L’abîme s’ouvrait. Khadidja se concentra sur les motifs vieillots des rideaux, du couvre-lit, pour retrouver des repères familiers. Mais ils lui paraissaient maintenant foisonnants, hostiles, piégés.

— Elle voulait me quitter. J’ai tenté ce voyage de réconciliation, en Sicile. Mais sa décision était prise. Un soir, elle m’a même révélé qu’il y avait quelqu’un d’autre. Je me suis jeté sur elle. Je l’ai frappée, à coups de poing, mais elle me provoquait encore, avec ses yeux blessés, sa bouche en sang…

Il rit encore et prit un ton ironique :

— Il lui fallait une petite leçon. J’ai chaussé mes baskets. Je suis sorti dans le couloir et j’ai trouvé, dans le réduit de la femme de ménage, des gants de caoutchouc, de la poudre à récurer. Je suis revenu auprès de Sophie et j’ai dénudé des fils électriques. Je l’ai bâillonnée, j’ai branché le câble et je l’ai sondée dans ses parties intimes, partout où l’autre était passé. Cela a duré longtemps. Très longtemps. La résistance physique est vraiment… étonnante. Finalement, je l’ai ouverte et je l’ai répandue sur le sol. Histoire de voir ce qu’elle avait dans le ventre.

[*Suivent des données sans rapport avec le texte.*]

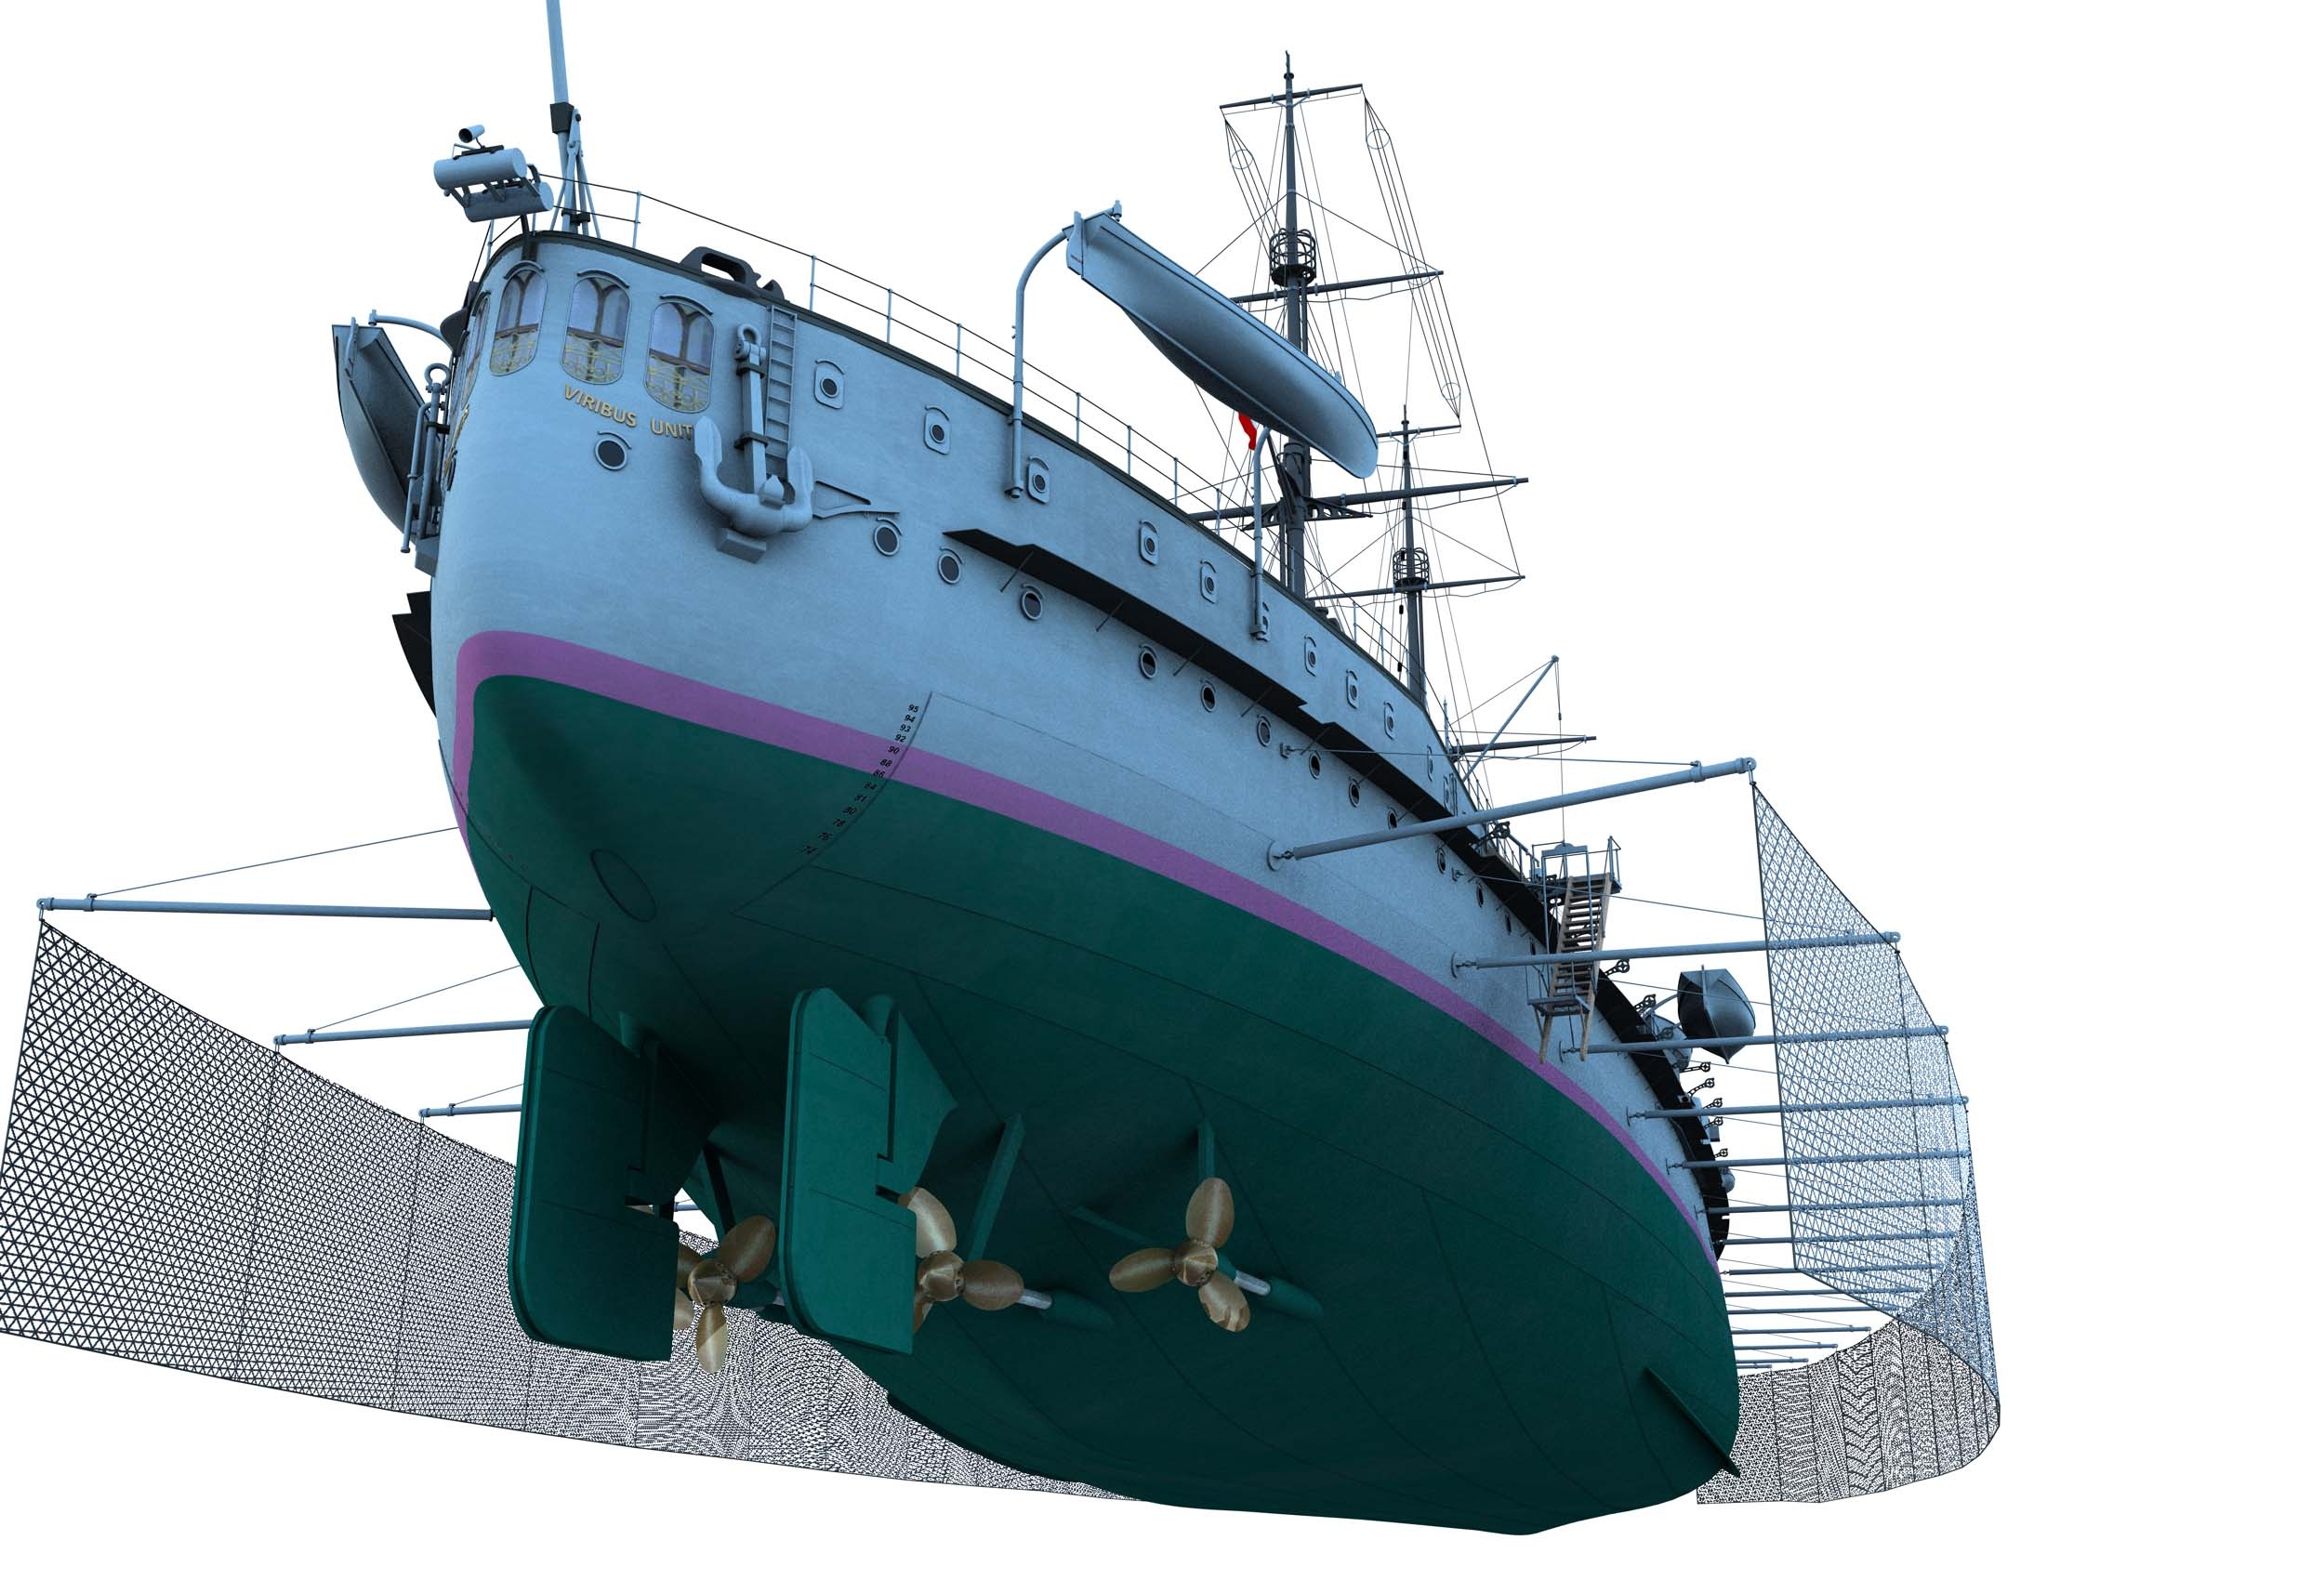 https://0901.nccdn.net/4_2/000/000/001/abd/CK123-Partial-Ship-Stern-Rudders-with-Torpedo-Nets-Swung-out-2500x1700.jpg

« Ensuite, je me suis lavé et j’ai mis de la poudre à l’intérieur des gants, pour effacer mes empreintes. J’ai tout laissé tel quel et je suis parti me perdre parmi les rues de Catane. J’étais dans un état second. Quand je suis rentré, j’avais tout oublié. Mais une appréhension indicible s’est emparée de moi. Lorsque je l’ai découverte, brûlée, violée, éviscérée, j’ai de nouveau perdu conscience. Pour plusieurs semaines. Puis je me suis réveillé en France ; je n’avais plus aucun souvenir.